§ Stored data:
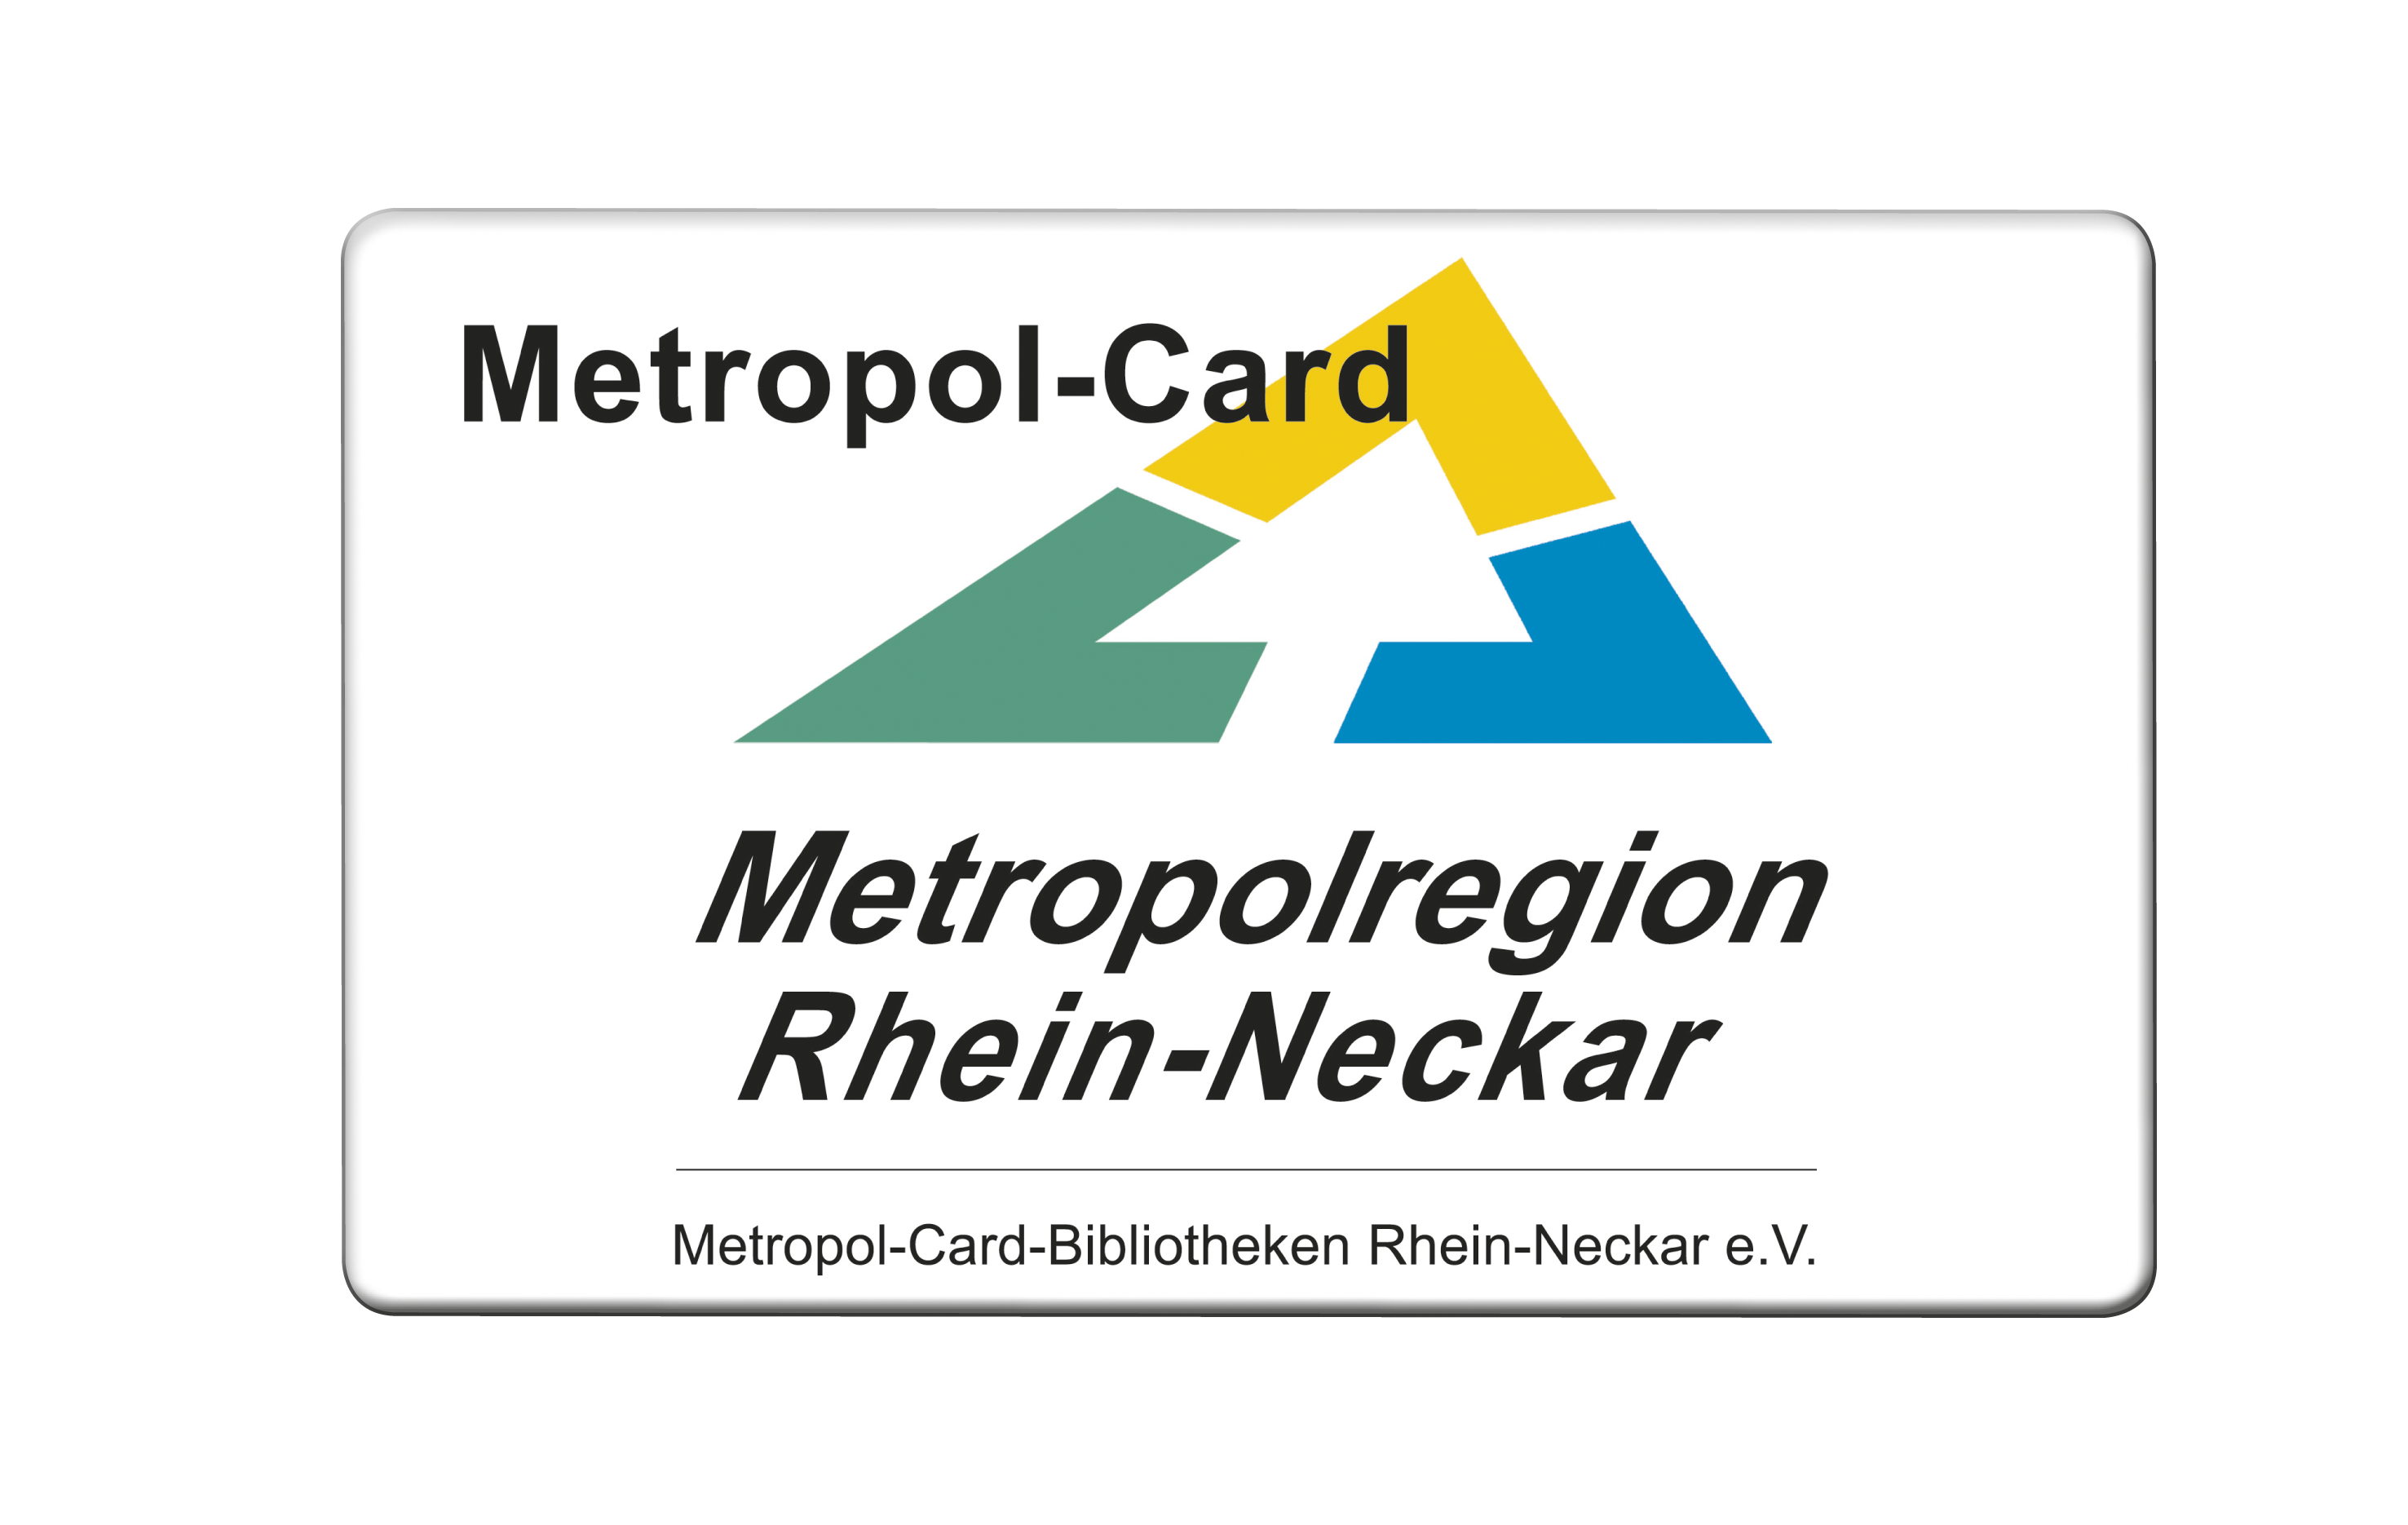 
    
            
                    Metropolcard
                
        
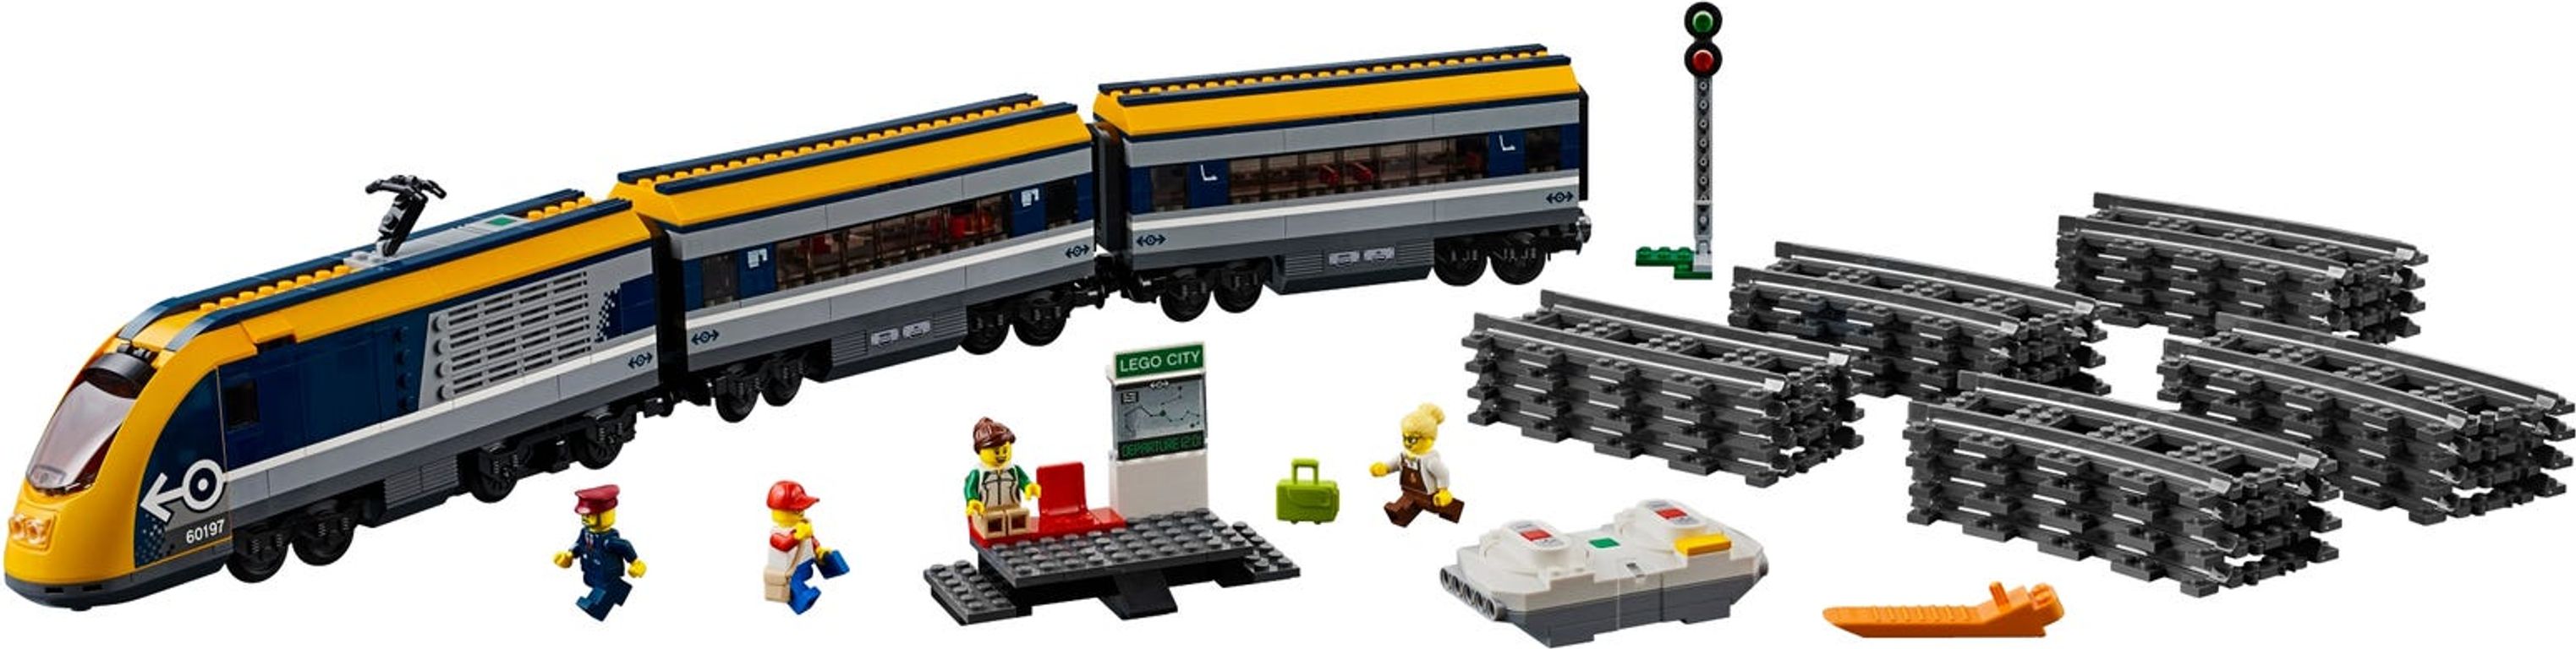 LEGO® City Passenger Train components
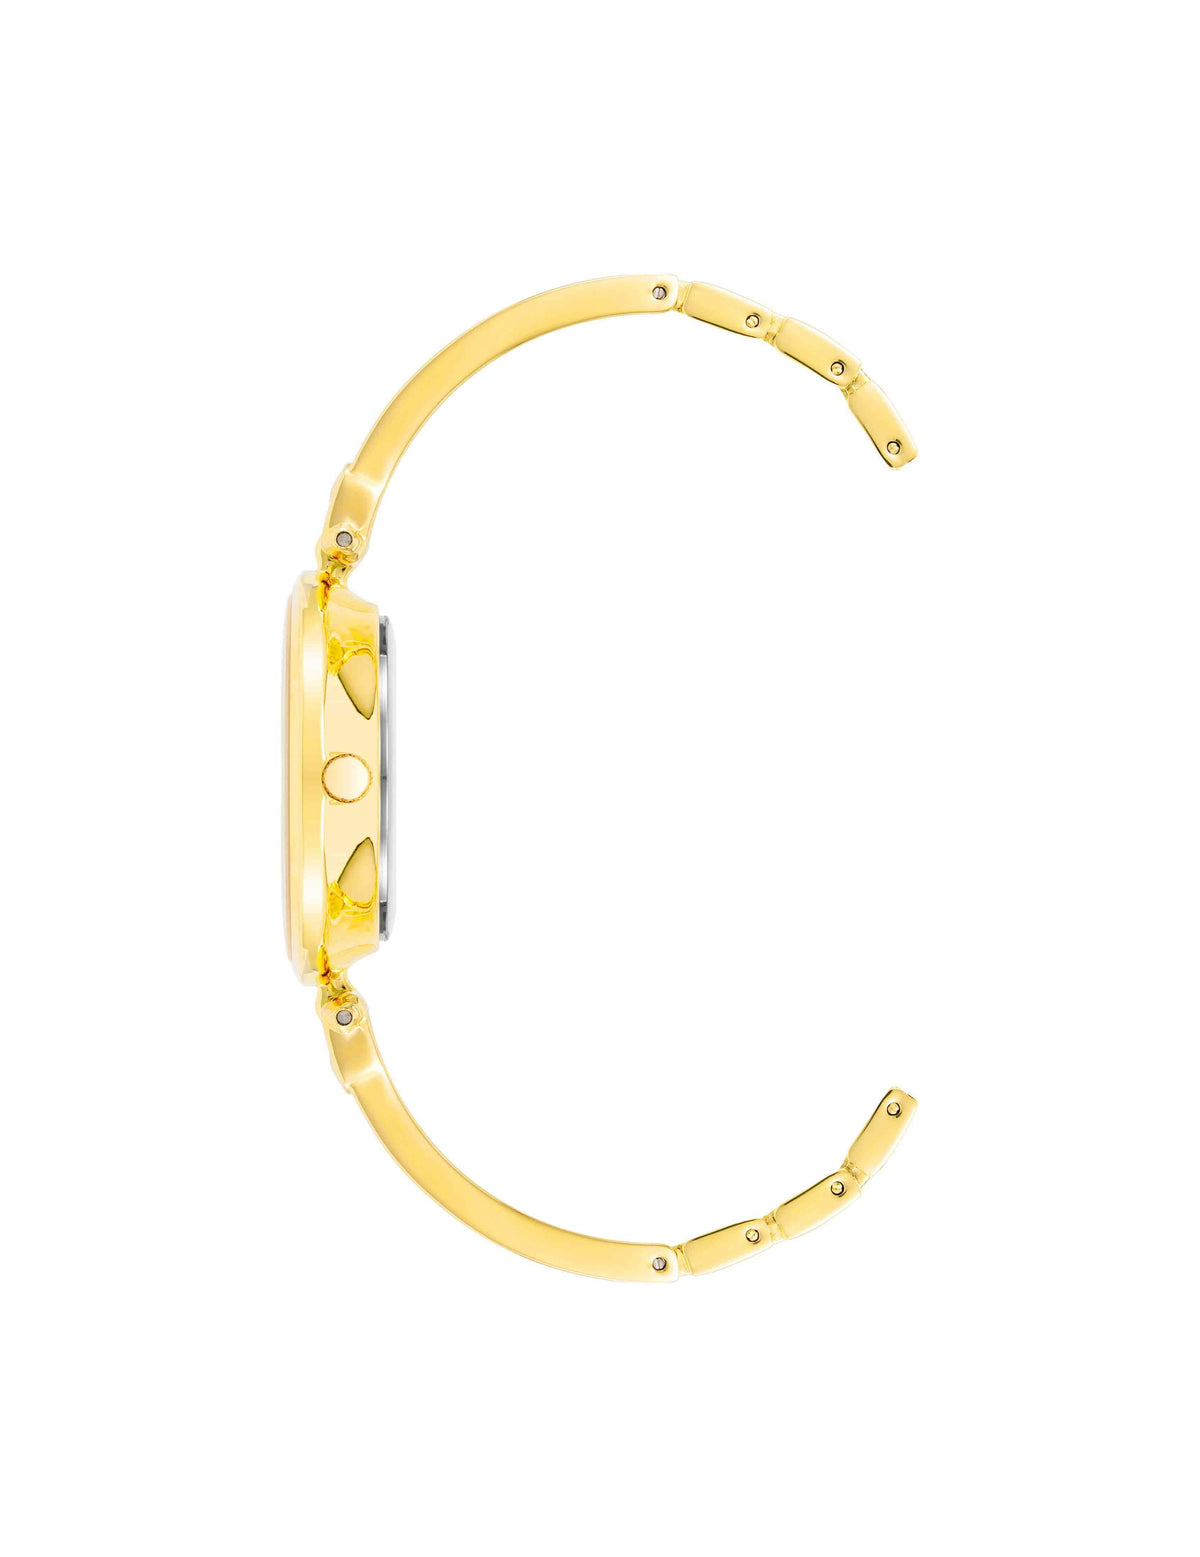 Anne Klein  Diamond Accented Bangle Bracelet Watch

§ What to produce: Copy nothing but the lines from the line that contains "LEGO® City Passenger Train components" through the end of the listing, exactly, and keep pictures out of it.

§ Solution to the problem:
 LEGO® City Passenger Train components
 Anne Klein  Diamond Accented Bangle Bracelet Watch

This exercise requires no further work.